Likewise, tumors show elevated extracellular potassium levels, thereby significantly attenuating TCR-driven Akt-mTOR phosphorylation and subsequent effector activity. T cell engineering aims to increase the expression of potassium channels to prepare for greater potassium efflux, thereby successfully eliminating this inhibition and enhancing T cell function in TME [127]. Studies have shown that in TME, the destruction of immunosuppressive cells is usually necessary for the high level of efficacy of CAR T cells. For the purpose of suppressing regulatory T cells (Tregs) and myeloid-derived suppressor cells (MDSCs), the combination of inhibitory antibodies and gene manipulation can improve the efficacy of T cell therapy in animal models (Figure 5). [128, 129].
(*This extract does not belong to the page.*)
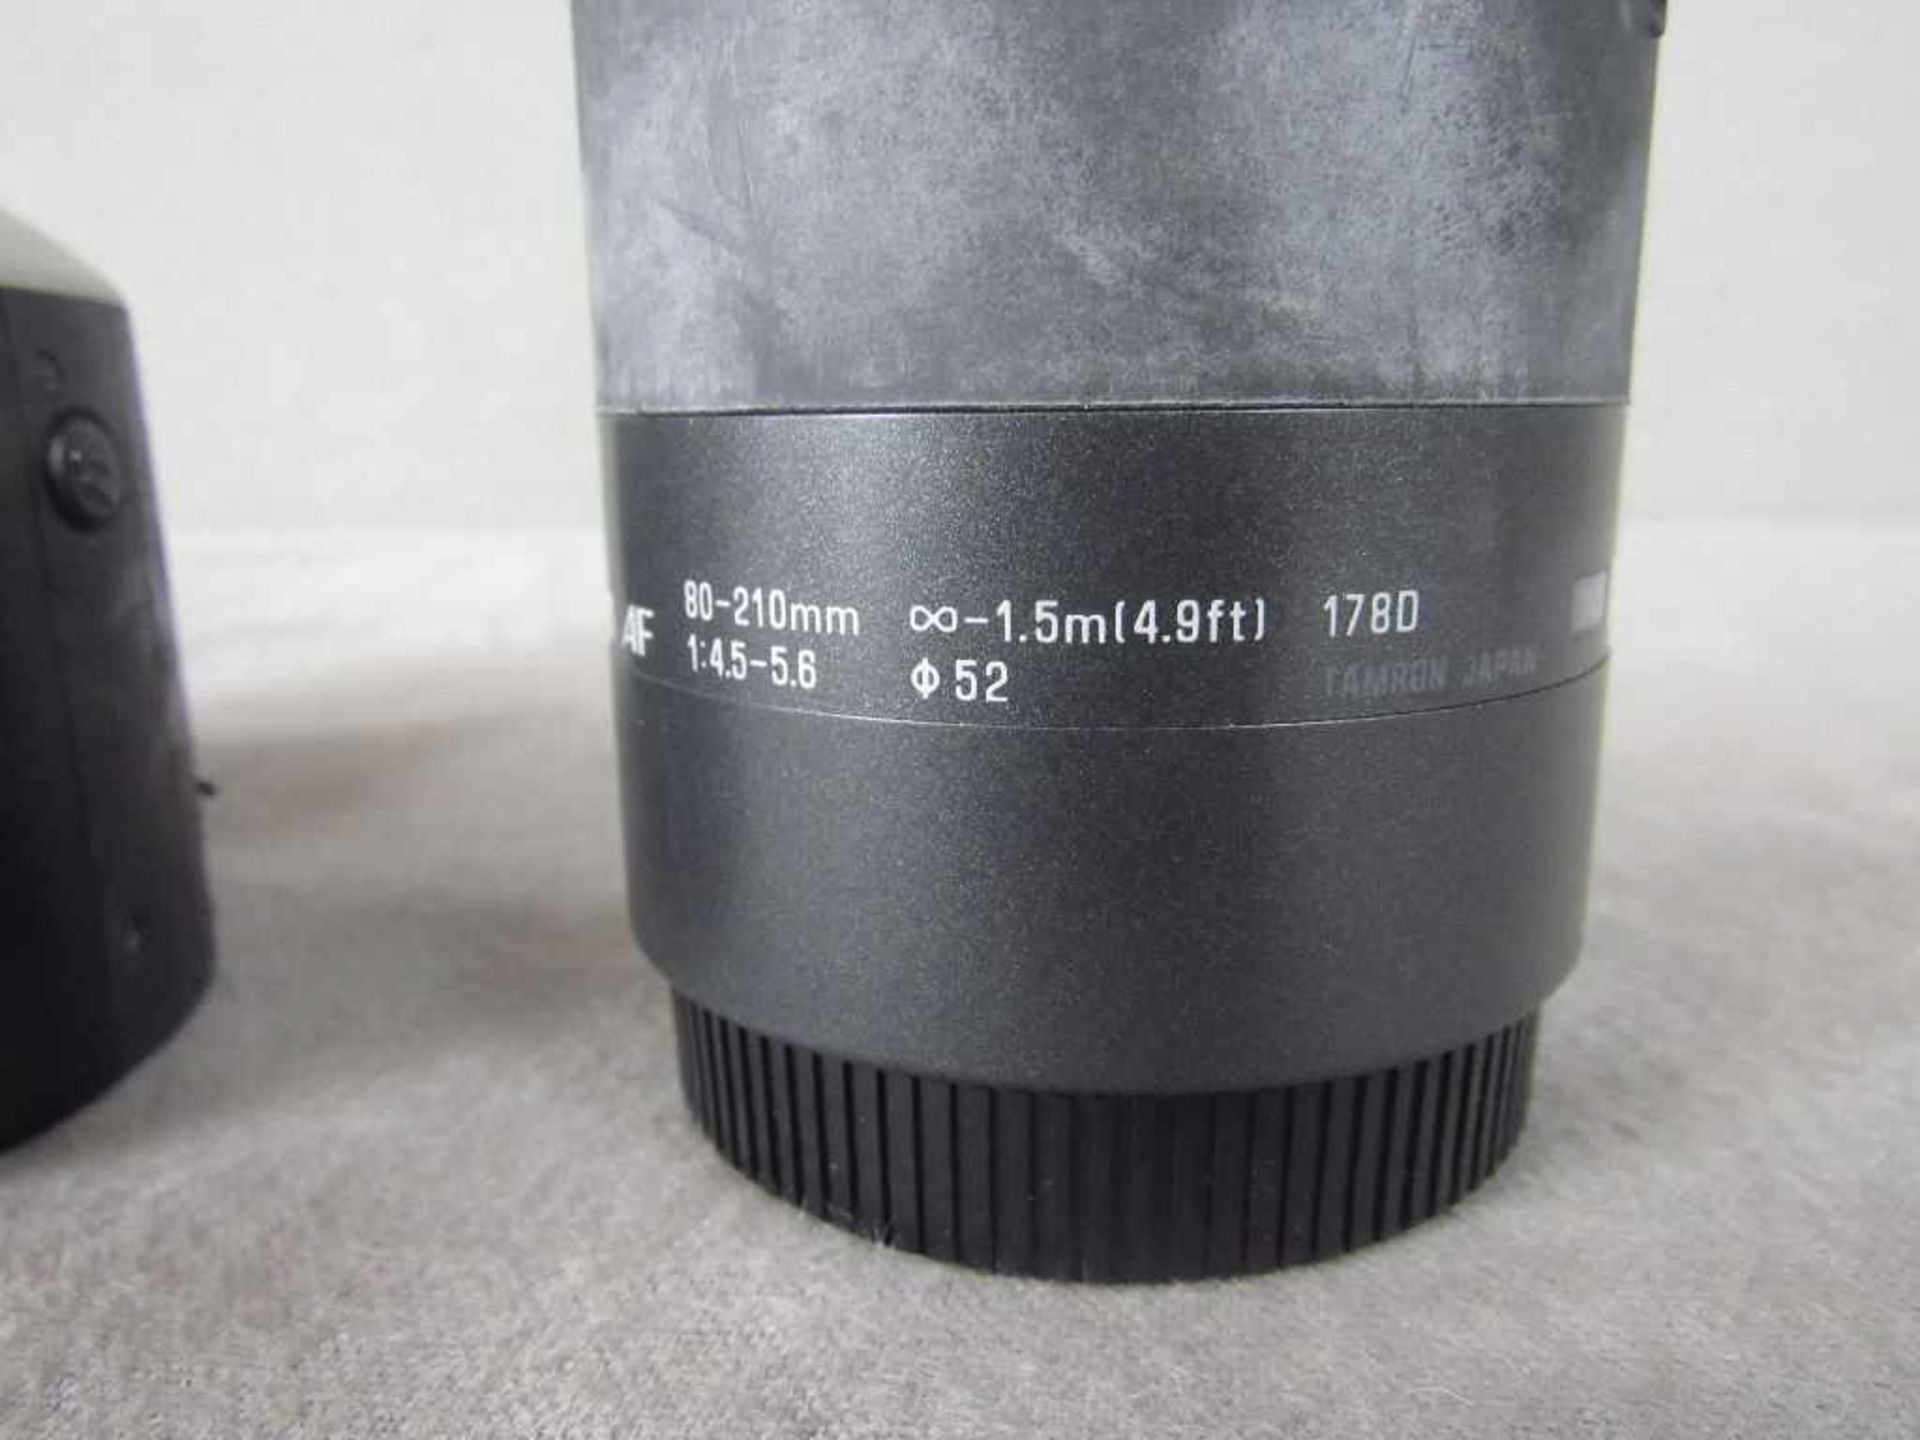 Spiegelreflexkamera Eos 500 N mit Tamron Objektiv - Image 4 of 4

On the other hand, cancer-associated fibroblasts (CAF), which include the most common types of TME cells and highly express fibroblast activation protein (FAP), play a crucial role in shaping the immunosuppressive microenvironment and releasing ECM proteins to attenuate toxicity The role of. T cell penetration. Interestingly, the application of FAP-specific CART to reduce the activity of CAF cells or to engineer new types of CAR T cells designed to secrete ECM degrading enzymes can significantly increase their potential to transport and lyse tumors [130]. Otherwise, the operation of CAR T cells to secrete the pro-inflammatory cytokine IL-12 may modify TME and ultimately enhance macrophage recruitment and function [131].
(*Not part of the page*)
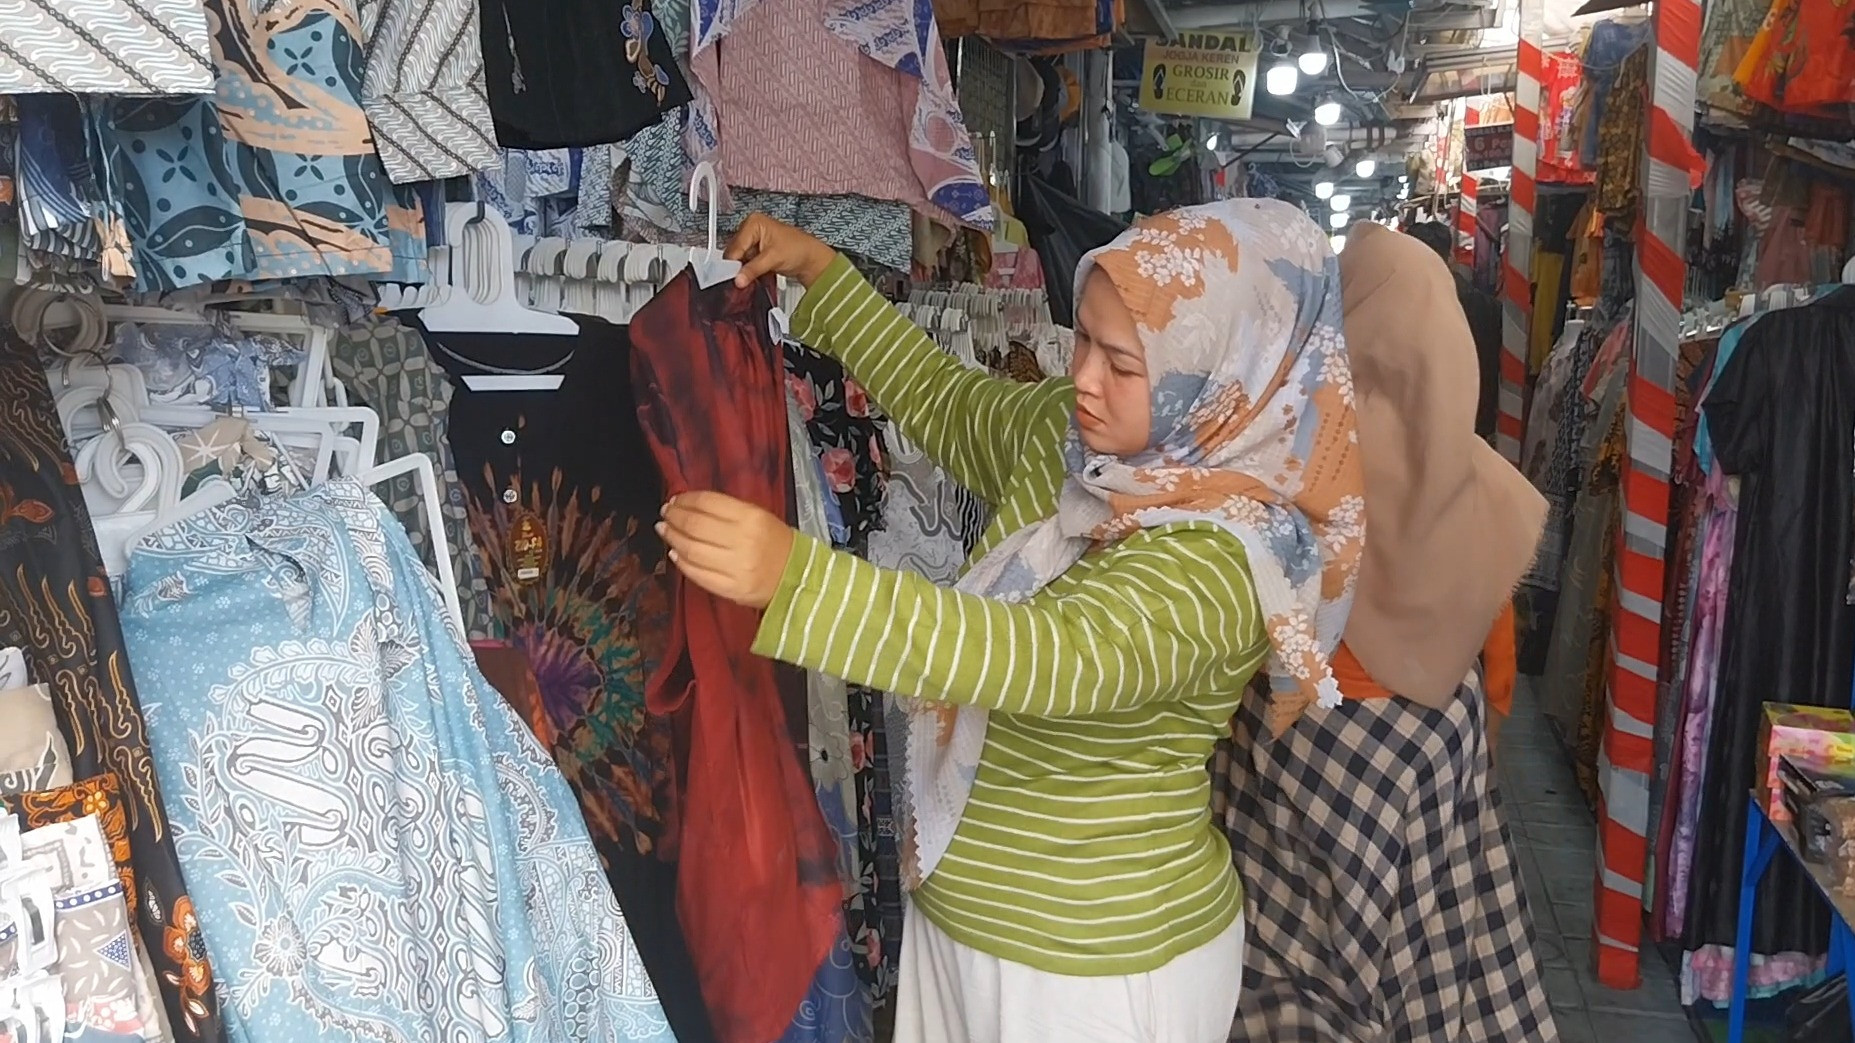 Pembeli memenuhi kawasan Teras Malioboro untuk berbelanja berbagai oleh oleh khas hingga aksesoris unik khas Yogyakarta.

Many organizations have tried to improve CART cell activity by using ACT in combination with TME modulators. One promising treatment that shows acceptable efficacy in tumors is the use of checkpoint inhibitors, which target the PD-1/PD-L1 or CTLA-4 pathway (Figure 5) [132, 133]. In this case, by improving the preparation of tumor-specific T cells, checkpoint blockade can be improved, and it can be reasonably combined with the adoptive spread of CAR T cells, and under normal circumstances, the risk of toxicity can be increased. On the other hand, specific CART cells are engineered to release anti-PD-L1 antibodies against PD-1 and LAG3 through CRISPR [134, 135].
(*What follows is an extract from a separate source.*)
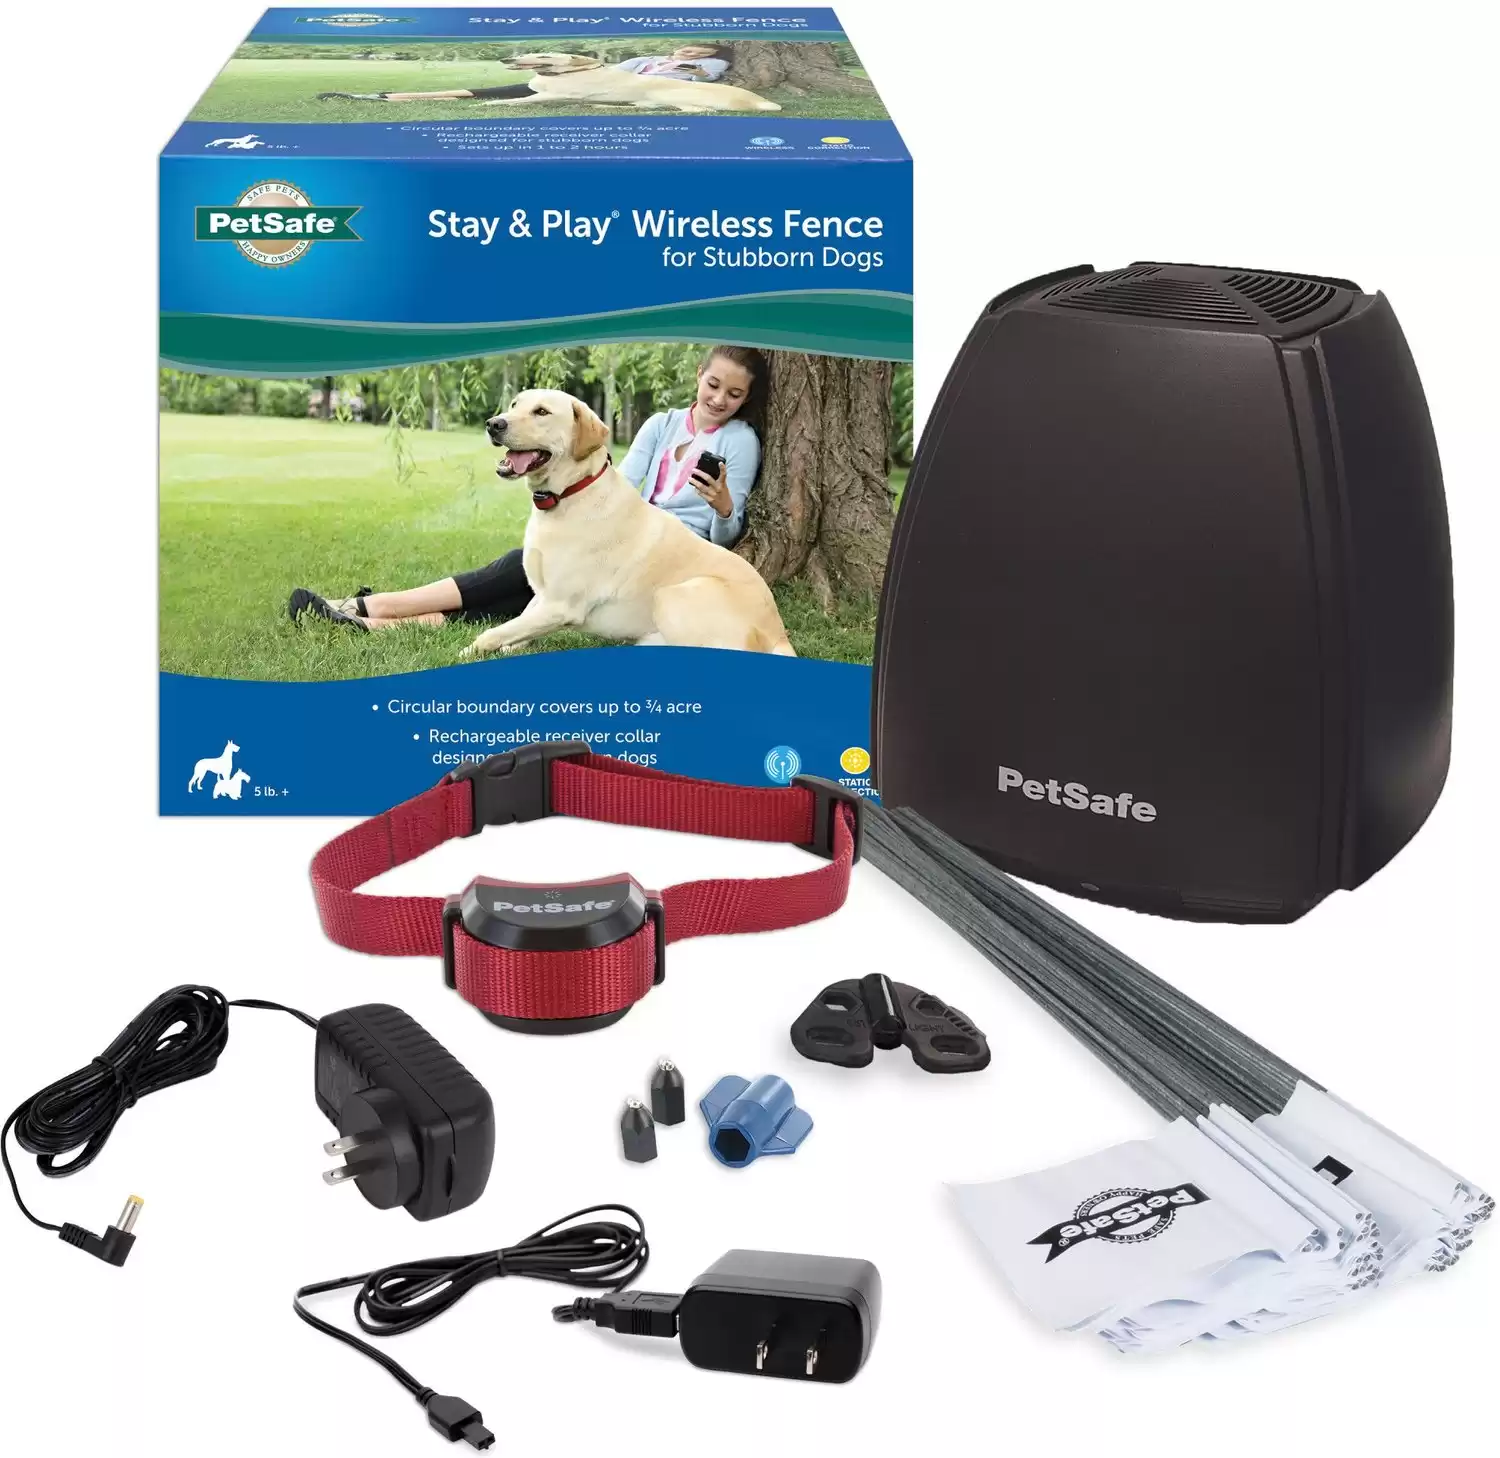 Recinto wireless PetSafe Stay & Play per cani testardi

Although anti-CTLA-4 antibody can increase the endogenous T cell response to cancer, the relevant mechanism of its promotion of CAR T cell response is still unclear. In addition, anti-CTLA-4 antibodies can trigger an immune response in an extracellular manner after the reduction of CTLA-4+ Treg cells, which may help CAR T cells [136].

 

 


 

Future directions and conclusions

The development of CAR T cell therapy is a promising treatment option for patients with advanced malignant tumors, especially blood diseases. The progress of CAR T cells reflects the fusion of knowledge from various scientific fields; however, so far, success has been limited to B cell abnormalities.

The progress of this treatment approach to solid tumors will require an improved plan based on the understanding of the obstacles associated with TME and tumor heterogeneity, which emerges from complex logic tools and high-importance models .

These methods will benefit from our ability to create transgenic T cells to support new desired activities, help them target solid tumor cells and persist and function in a hostile environment.